Senate Democrats unite behind several bills

NY Capitol News

In a historic moment on Tuesday, the Independent Democratic Conference and the Senate Democrats held their first press conference as a unified conference.

“I want to thank all of my colleagues here, starting with my deputy leader Jeff Klein,” Senate Democratic Leader Andrea Stewart-Cousins (D-Yonkers) said.

And like that, Stewart-Cousins welcomed former Independent Democratic Leader, Jeff Klein back in the fold. For the first time in seven years, since the group split from the Democrats in 2011, the newly unified Democrats stood together to address the press.

The issue they chose to focus on was early voting.

“The essence of our democracy depends on making sure people have an easy way of voting,” Senator Jeff Klein (D-Bronx) said.

Only 57 percent of eligible voters in NY voted in the 2016 presidential election, a time when more people usually turn out to vote. The Democratic Conference says this is because there is a lack of flexibility at the polls.

“Most people want to vote and their reason for not voting is sometimes a basic childcare issue, had to take care of the kids. Or they were working late or they didn’t know about the election.”

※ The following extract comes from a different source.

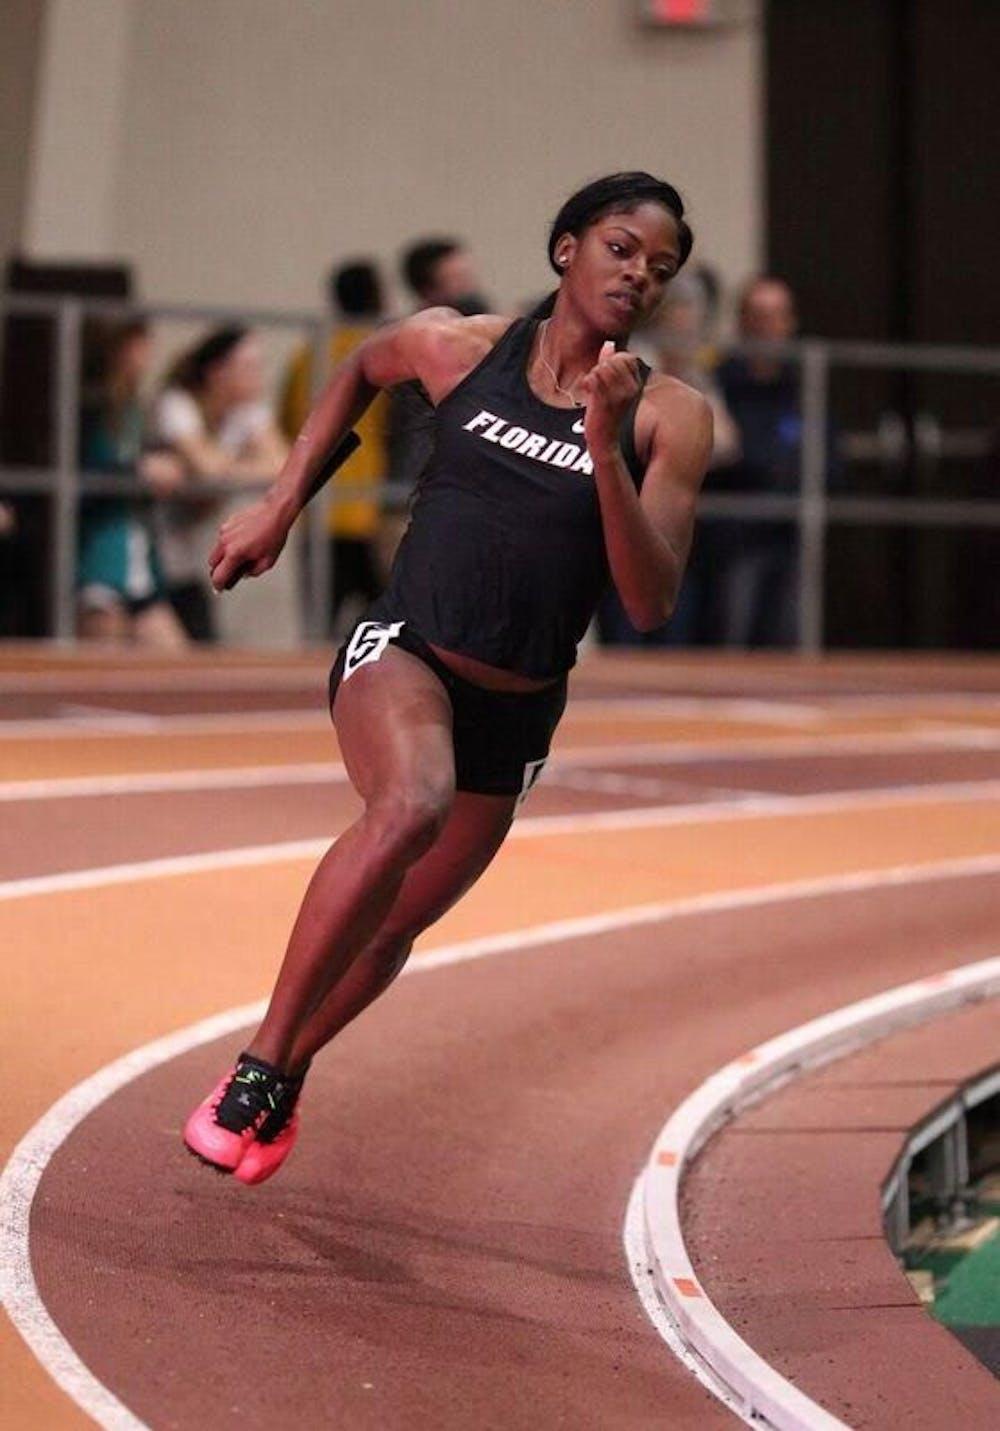 <p>UF sprinter Sharrika Barnett sprints at the Hokie Invitational on Jan. 21, 2017, in Blacksburg, Virgina.&nbsp;</p>
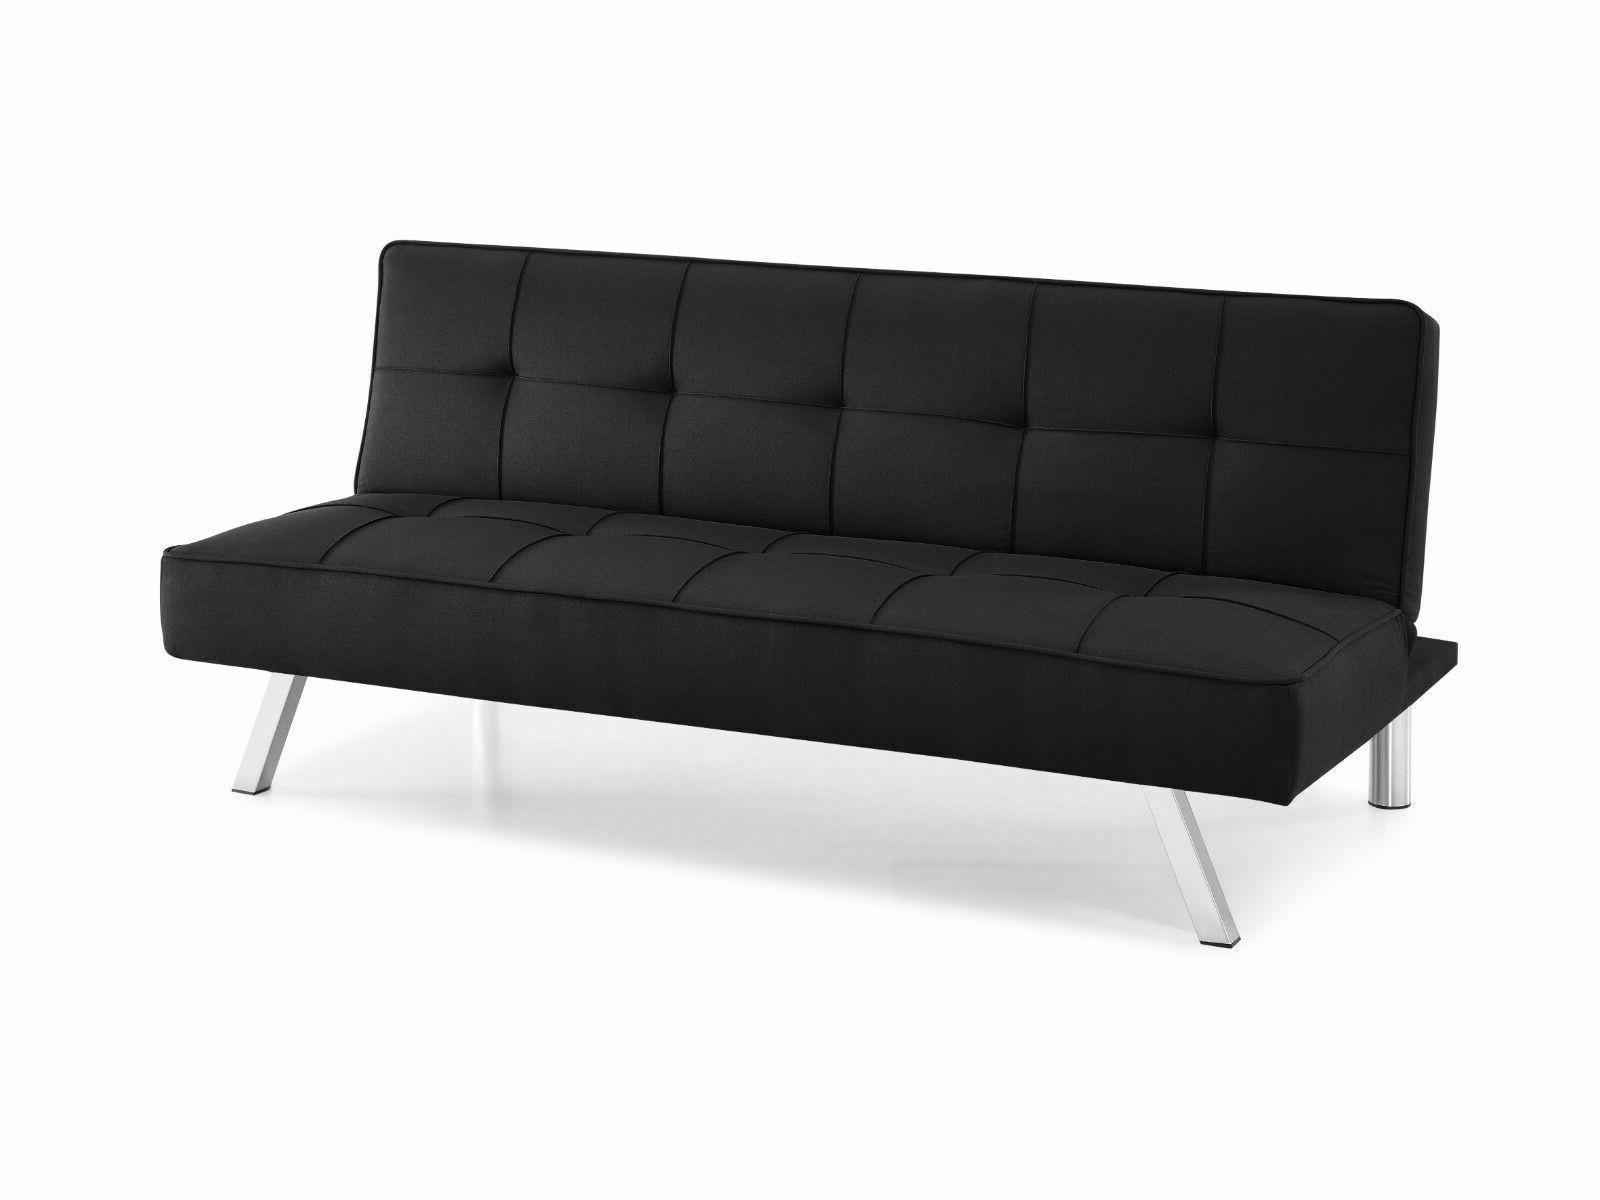 Futon Couch 3 Full Black

The Democrats are rolling out a package of bills that are meant to make it easier to vote early or absentee, give advance notice of election dates, and make the hours polling places are open more consistent

The Republican-controlled Senate, however, has been unable to pass early voting in the past.

“Republicans believe the more people that vote, the less success they will have at the ballot box,” Senator Michael Gianaris (D-Astoria) said.

That sentiment is shared not only by Democrats but also Blair Horner from the public interest research group.

“Republicans view an expansion of the franchise means more Democratic voters, and that’s not the way they should view it. This is about people being able to vote and eliminating the obstacles,” Blair Horner, Executive Director of New York Public Interest Research Group (NYPIRG), said.

Early voting is already allowed in 34 states.